The newsletter boom has paradoxically fueled RSS adoption. Substack, Ghost, Buttondown, and most major newsletter platforms automatically generate RSS feeds for every publication. Users who grew tired of inbox overload discovered they could subscribe to the same writers via RSS and read on their own schedule, without email clutter. Wired noted this trend in a 2024 piece highlighting how power users were migrating newsletter subscriptions out of email entirely.

There’s a business angle here too. Companies like Feedly have built profitable operations around RSS-based intelligence. Feedly’s “Leo” AI feature scans feeds and prioritizes content based on user-defined topics — essentially building a personalized, transparent algorithm that the user controls. Enterprise clients pay for this. Intelligence firms, PR agencies, competitive analysis teams — they’ve quietly built workflows around RSS because it’s the only protocol that guarantees they won’t miss something because an algorithm decided it wasn’t engaging enough.

So is this a mass movement? No. And anyone claiming otherwise is selling something.

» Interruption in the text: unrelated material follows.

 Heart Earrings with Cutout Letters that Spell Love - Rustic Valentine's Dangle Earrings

RSS usage remains a fraction of social media’s reach. Most internet users have never heard of it and never will. The technology’s strength — its simplicity, its lack of social features, its requirement that users actively curate their sources — is also what limits its appeal. It demands intentionality. Most people don’t want that. They want to scroll.

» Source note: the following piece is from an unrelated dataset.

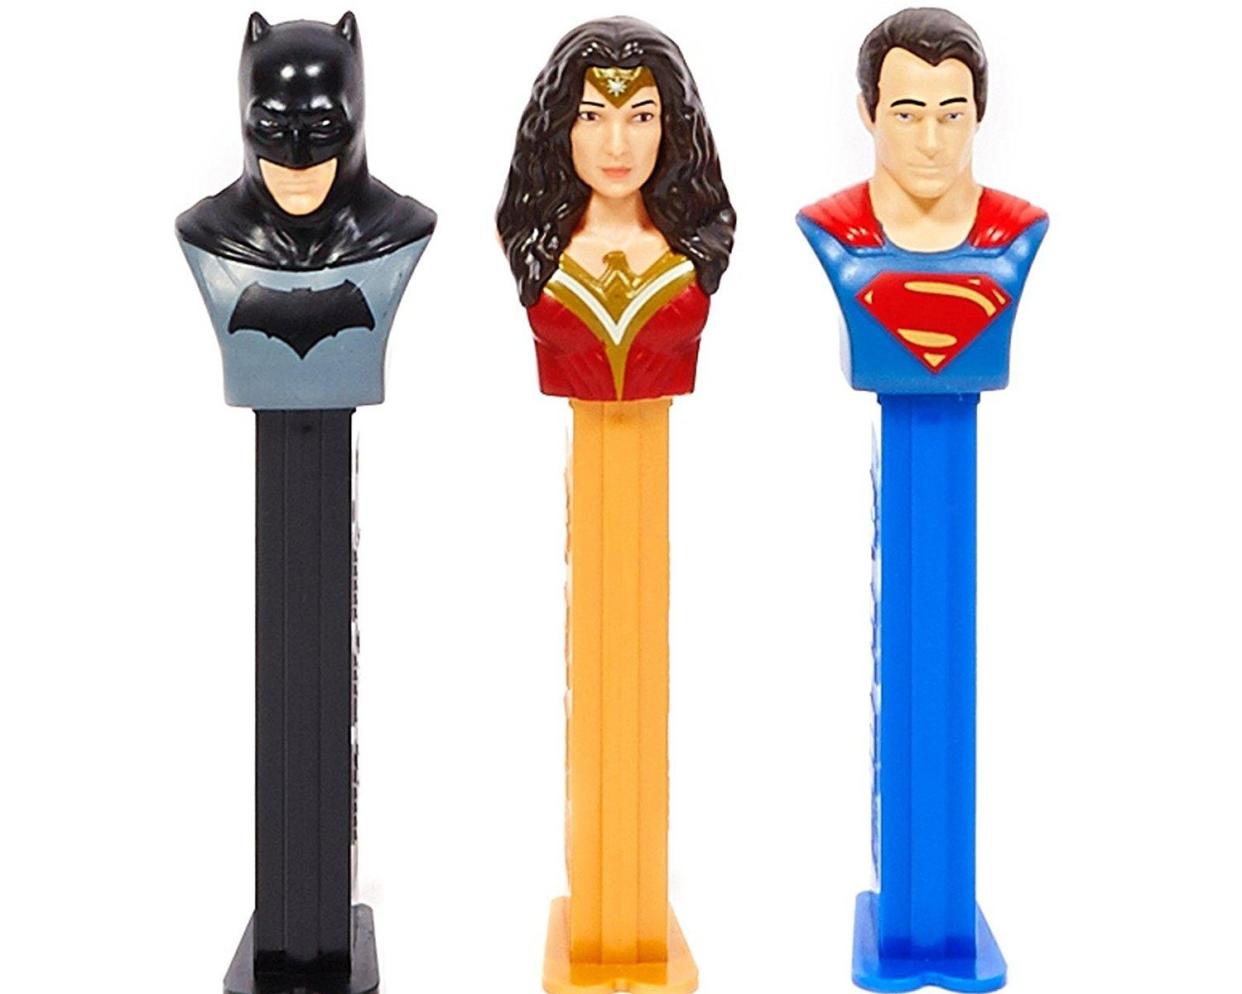 Batman, Wonder Woman, and Superman Pez dispensers

But the professional class that abandoned RSS in 2013 is coming back. Discussions on Hacker News and Mastodon about RSS workflows have surged over the past 18 months. Ars Technica ran a piece in early 2024 on the “quiet return of RSS” that generated significant reader engagement. Developers are building new tools — FreshRSS, a self-hosted reader, has become a staple recommendation in privacy-focused communities. The r/selfhosted subreddit regularly features RSS setups as among the most popular self-hosting projects.

The podcast industry provides an instructive parallel. Podcasts run on RSS. Always have. Apple, Spotify, and others built proprietary layers on top, but the underlying distribution mechanism remains an RSS feed pointing to audio files. This open protocol has allowed podcasting to resist the total platform capture that consumed written content. It’s not a coincidence that podcasting remains one of the healthiest, most diverse content markets online.

Written content could follow a similar path. More publishers are recognizing the value of maintaining RSS feeds as a direct distribution channel. SmartLab argues this is essential: “Relying solely on social media for content distribution is a strategic risk that many organizations are only now beginning to understand.” When X can shadowban your content, when Facebook can zero out your reach overnight, when Google can bury your site in search results, an RSS feed is the one channel where your subscribers will actually see what you publish.

Here’s the position: RSS isn’t having a renaissance because it’s trendy. It’s having one because everything around it got worse. The technology hasn’t changed meaningfully in two decades. What changed is that the alternatives became unreliable, manipulative, and hostile to the very users who built them. RSS is the cockroach of internet protocols — unsexy, ancient by web standards, and stubbornly functional.

For industry professionals who depend on information quality over information volume, the calculus is simple. RSS gives you control. Social media takes it away. The tools are better than they’ve ever been. The sources are there. And unlike every platform promising to be the next great information hub, RSS has no CEO, no board of directors, no quarterly earnings call, and no incentive to enshittify your experience.

That’s not hype. That’s infrastructure. And infrastructure, boring as it is, tends to outlast whatever’s trending.